In Tahrir square I meet my European friend who arrived this morning on Turkish Airlines, and also J. who - like everybody else - says that he wouldn’t have expected this. He tells that even in small towns in Upper Egypt the police station has been burned and people have taken over the public order, and unlike J.’s fears this has not lead to confessional tensions but, at least for the moment, unity and cooperation. His only worry is that the system may still resort to brute force, even bruter than on Friday, when they feel cornered by the people. This is also a concern expressed by Y., although everybody is relieved and reassured by the declaration of the army that they will not use force against the demonstrators. But there is still the President’s Republican Guard.
On the square, some men who look like working class from the popular districts, show me mobile phone footage of the storming of Qasr al-Nil bridge by demonstrators on Friday (which I saw on television but from the distance of a hotel balcony where an American tourist was filming), where a man is shot into his face with live ammunition and killed immediately. M. tells that he was going with a big group of demonstrators through Zamalek where they gave a special honorary visit to the Tunisian embassy, but afterwards on the bridge they were attacked very violently by the police, and M. saw one man dying from bullets of the police, and many others wounded.
The cutoff of Egypt from the internet is a trouble - only people who can pay for accessing foreign dialup servers with a mobile phone have any connection at all - and people have difficulties to stay informed. In the absence of internet, al-Jazeera plays a key role, and after its hesitation on the first day of protests it has shifted fully to the side of the demonstrators, and has become the most important source of critical information in Egypt. Yesterday, Al-Jazeera was cut off on Nilesat, and since then Egyptians have realigned their satellite dishes to another satellite that continues to show Al-Jazeera. On Tahrir square three television sets have been set up for the people to view it, and there is a tent where some leftist activists collect digital video footage and photographs. M. laughingly tells that when Al-Jazeera was disconnected his son turned to a serious opponent of the president because Mubarak disconnected him the Cartoon Network which could only be seen on Nilesat.
Tomorrow is the next big demonstration, named the March of Millions. As M and I leave the demonstration and walk all the way to Giza for the lack of taxis or minibusses, we join a group of people coming our way, lead by a woman wearing a colourful variant of niqab, accompanied by another woman in jeans and open hair, and shouting in very loud voice: “The people - want - the removal of the president!” We join, and M. starts chanting (I never knew he has such a loud voice): Tomorrow at nine! Million tomorrow! Million tomorrow at nine! Peaceful demonstration tomorrow!
We walk a long way through Dokki and Giza. In Dokki there are some few policemen here and there - the police force returned to Cairo last night, but in small numbers, it seems - but they are still looked at with utter suspicion. The streets are remarkably clean, but here and there stand burned police trucks, in Giza at least five or six of them in a long line.

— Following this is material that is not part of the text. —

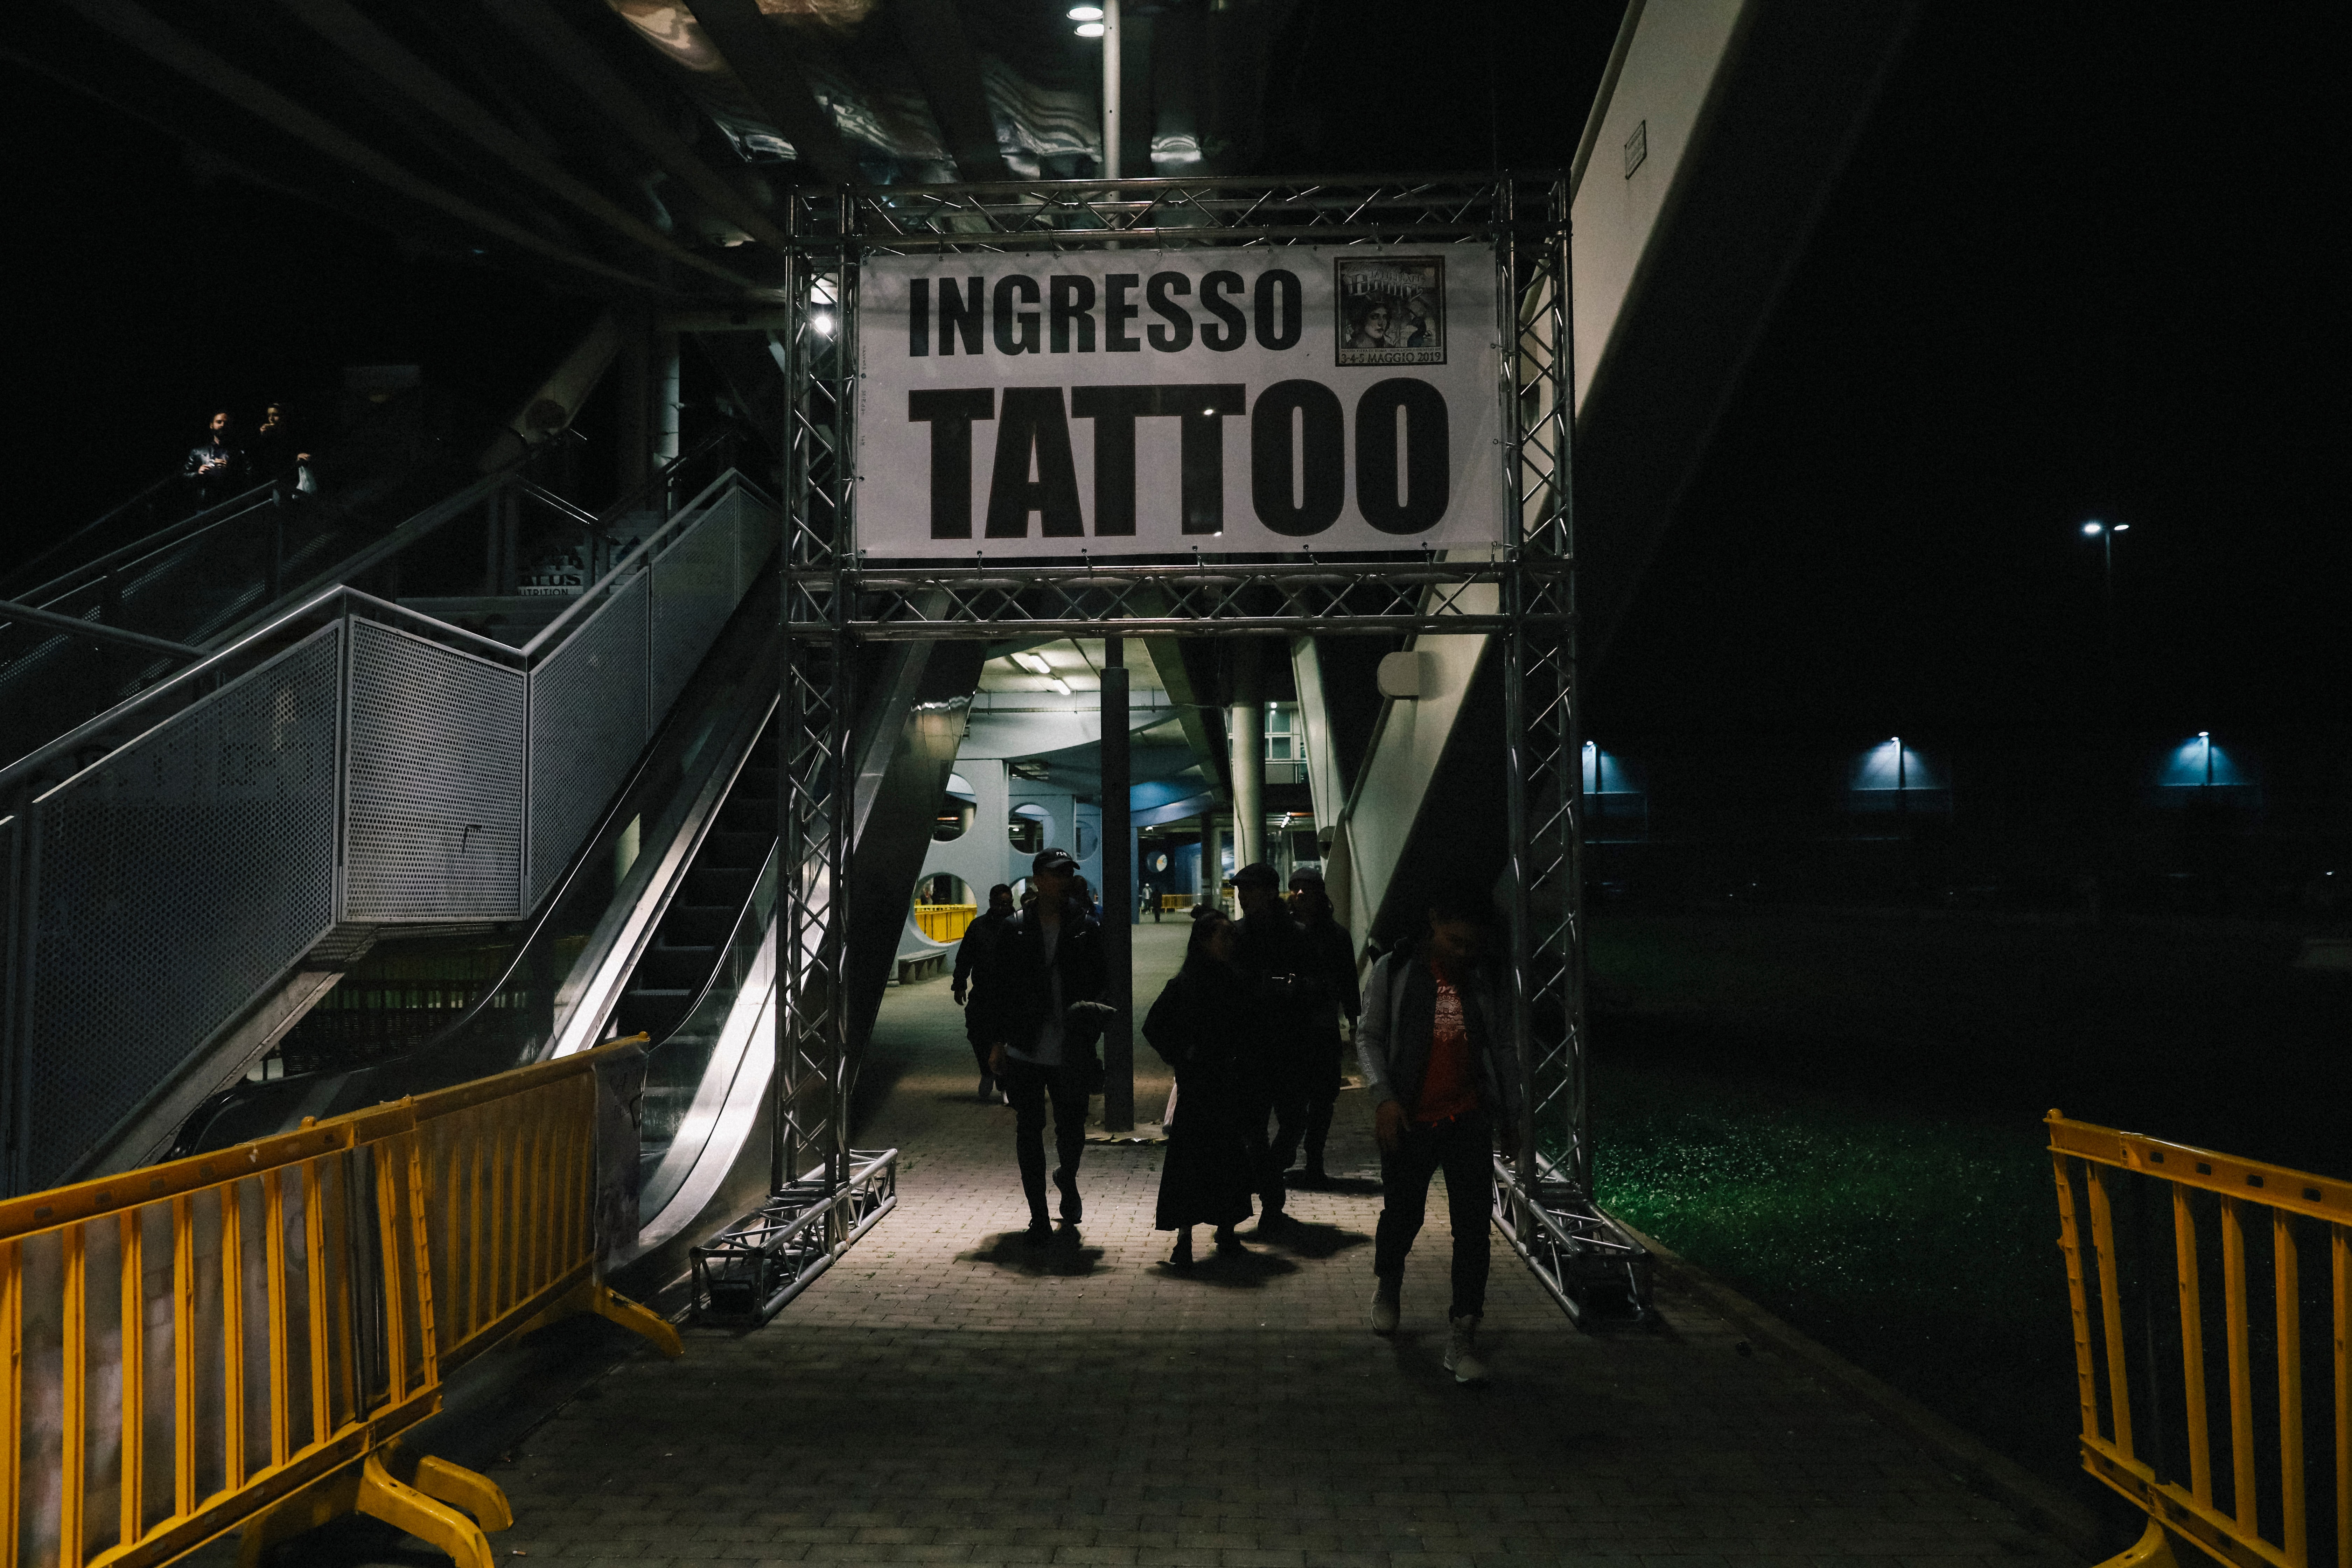 「參賽是與自己的競爭」HYPEBEAST 專訪台灣刺青師 Chris Liang

The most amazing thing is that nobody expected this. Just two weeks ago someone asked me whether Egypt could experience a revolution like in Tunisia, and I said no, Tunisia may be followed by Yemen, but there won’t be a revolution in Egypt. I couldn’t have been more wrong. M. says that he , too, didn’t believe in it. On Tuesday, he didn’t even want to join the demonstrations, thinking there was no point. But he soon changed his mind. We walk to Giza with a young man from old Giza who is very excited about the new situation. He tells he also didn’t believe in the demonstrations of Tuesday - he went there not believing that others would go. He describes the feeling: Until few days ago I felt that I live in a nightmare, and suddenly I could dream freely. M Things became possible that I couldn’t have imagined. Suddenly we can make a difference.

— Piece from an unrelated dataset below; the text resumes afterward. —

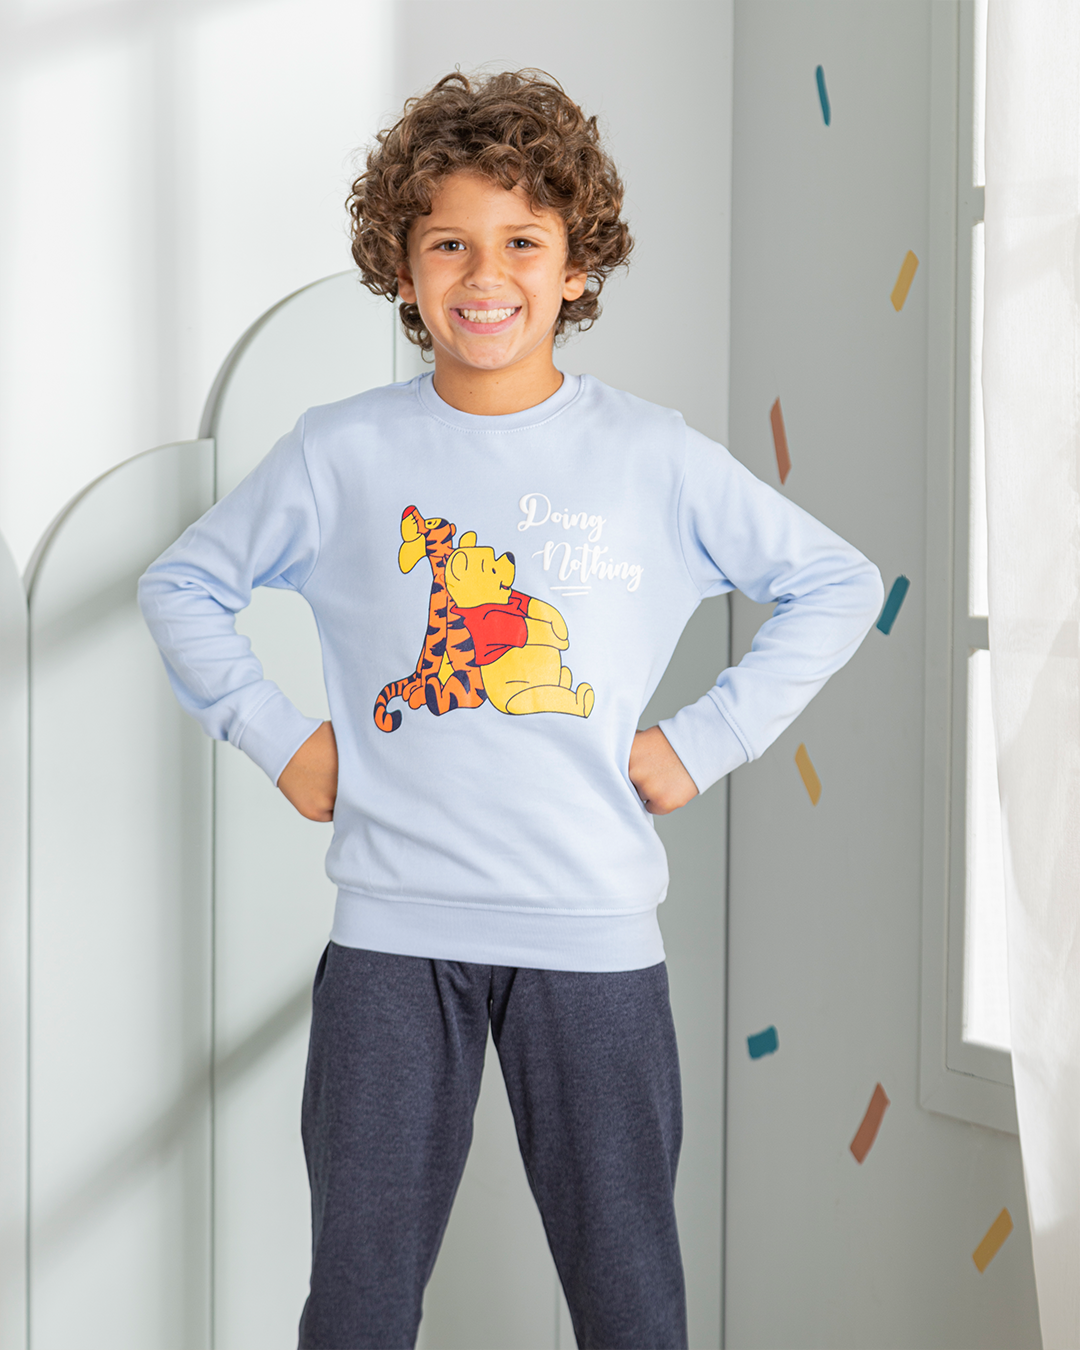 Pooh and tiger, my boys' pajamas

This is the revolutionary moment, the same “psychological state” L. described when I talked with her on the plane to Cairo. Egyptians have so long lived in a sense of oppression, a sense of frustration and pressure, they have hated the system but felt that there is nothing you can do. They have subverted the system by being chaotic and lazy, diverting the system to their ends, but all this has in turn become the system, encapsuling them in a highly frustrating state of suffering from a corrupt system and at the same time being a part of it. Suddenly the revolution in Tunisia opens a door of possibility, rejecting the system becomes something that makes sense, there is a point to it. In one night, the country changes.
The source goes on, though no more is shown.